**WORK REQUIRED**. Only the lines below from the one with "Urban Living Badkamer-douche" through the one with "Kubanische Männer auf" are to be written out, exactly and without any images.

**SOURCE INFORMATION**.
◆ ◆ ◆

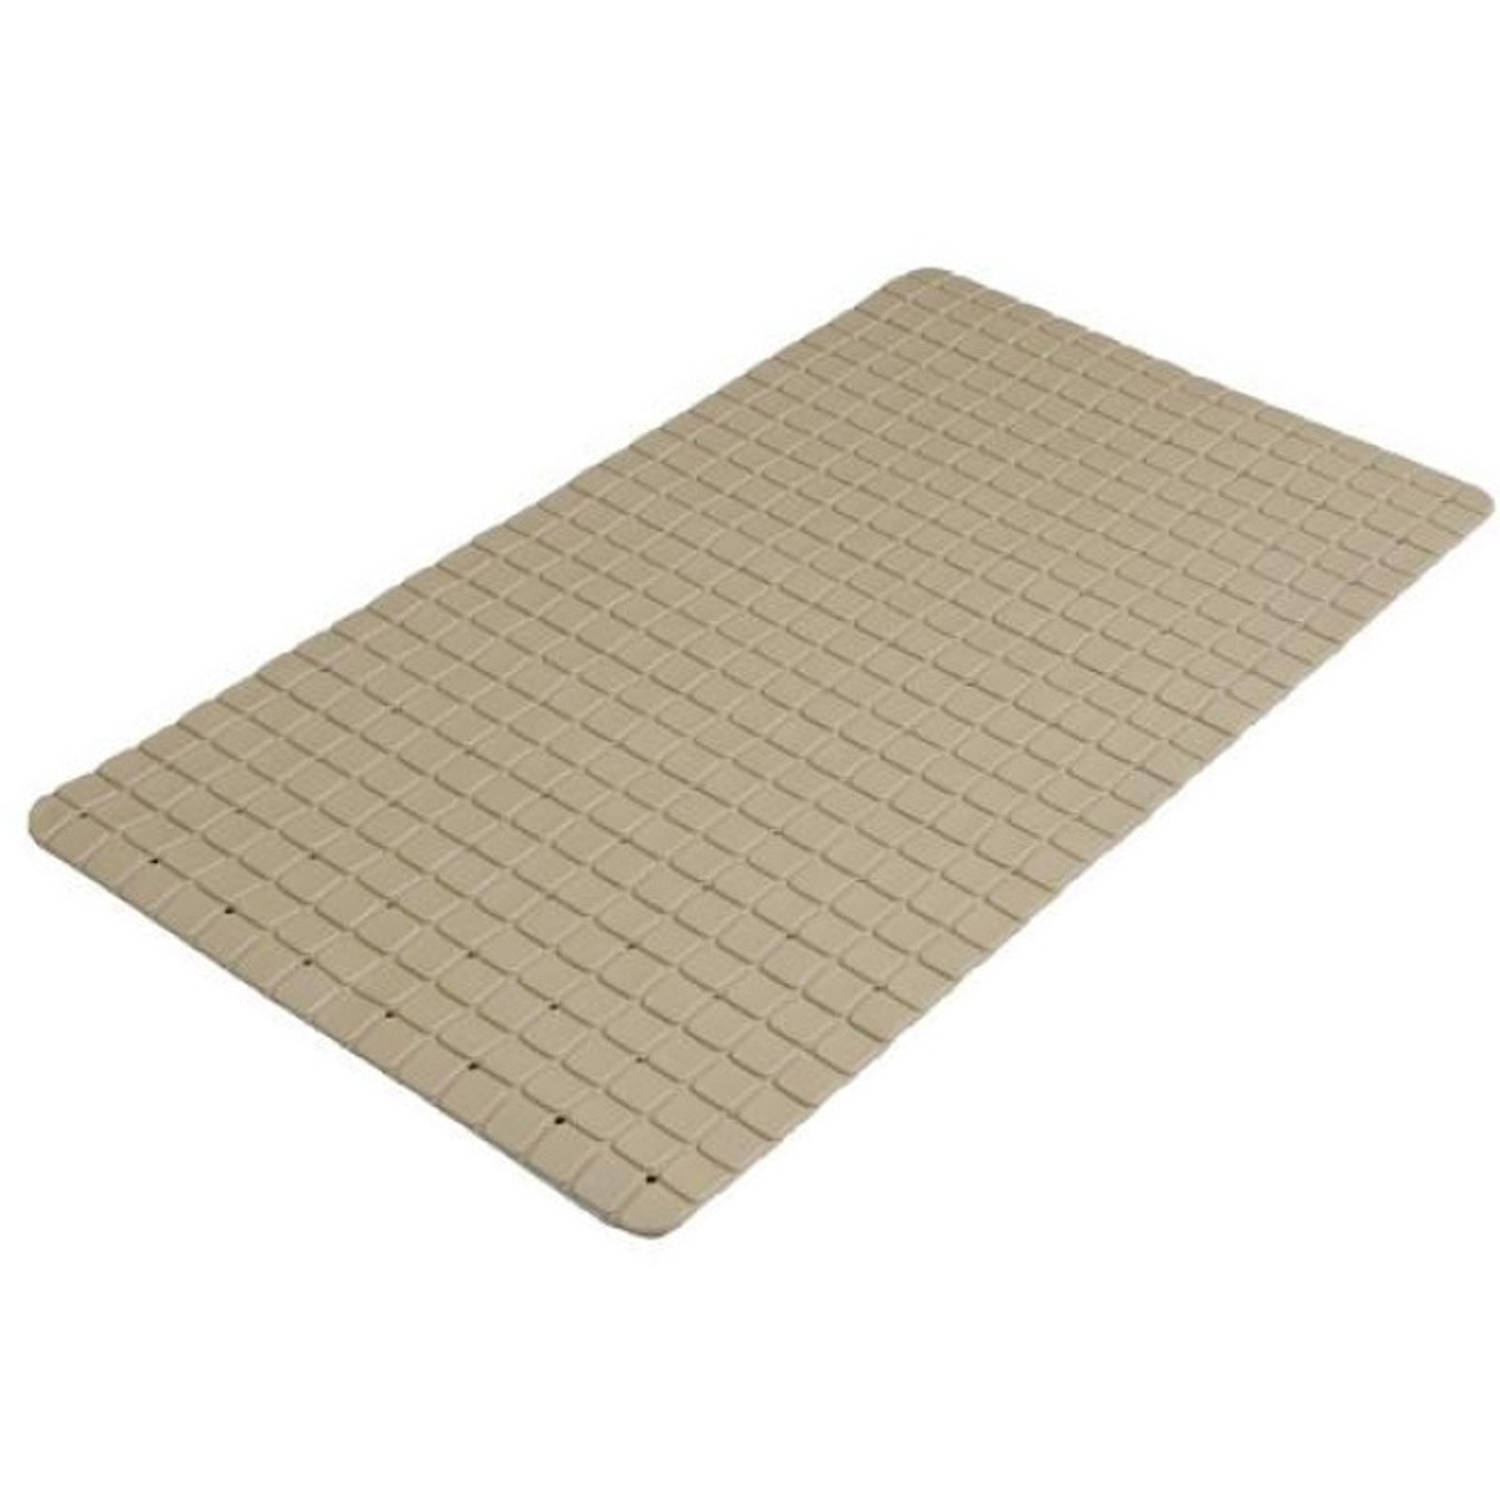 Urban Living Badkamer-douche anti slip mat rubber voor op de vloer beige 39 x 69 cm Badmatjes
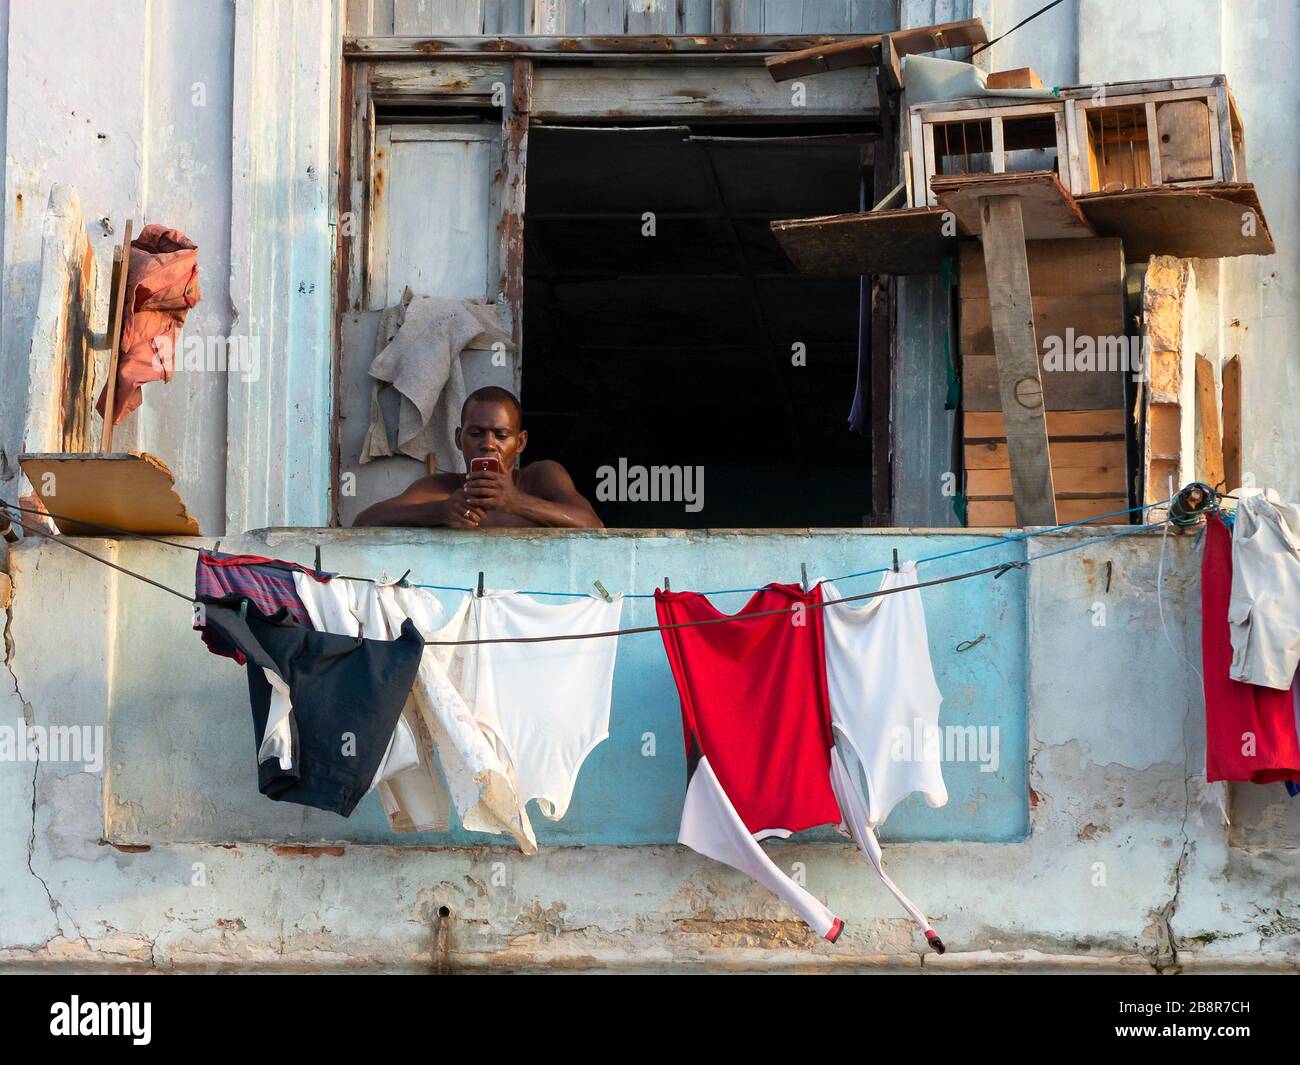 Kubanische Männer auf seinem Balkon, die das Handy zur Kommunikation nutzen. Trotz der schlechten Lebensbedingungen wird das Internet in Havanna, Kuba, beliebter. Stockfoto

◆ ◆ ◆

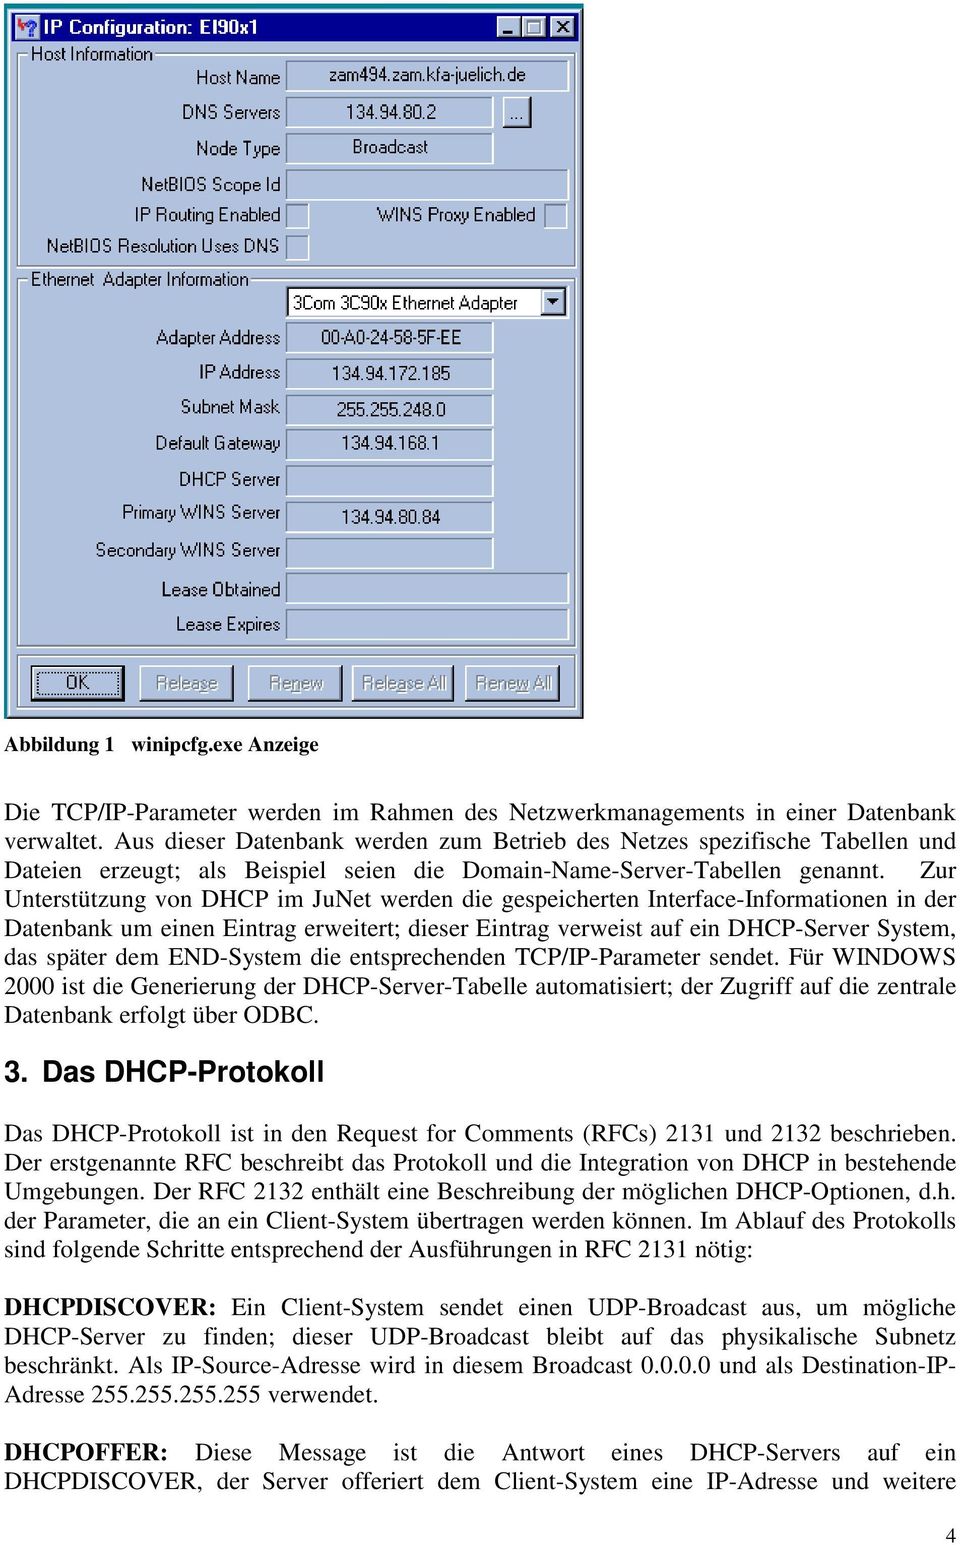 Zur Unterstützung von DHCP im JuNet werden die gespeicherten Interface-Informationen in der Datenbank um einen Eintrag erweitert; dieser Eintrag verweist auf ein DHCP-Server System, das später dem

◆ ◆ ◆

**RESULT OF THE TASK**.
 Urban Living Badkamer-douche anti slip mat rubber voor op de vloer beige 39 x 69 cm Badmatjes
 Kubanische Männer auf seinem Balkon, die das Handy zur Kommunikation nutzen. Trotz der schlechten Lebensbedingungen wird das Internet in Havanna, Kuba, beliebter. Stockfoto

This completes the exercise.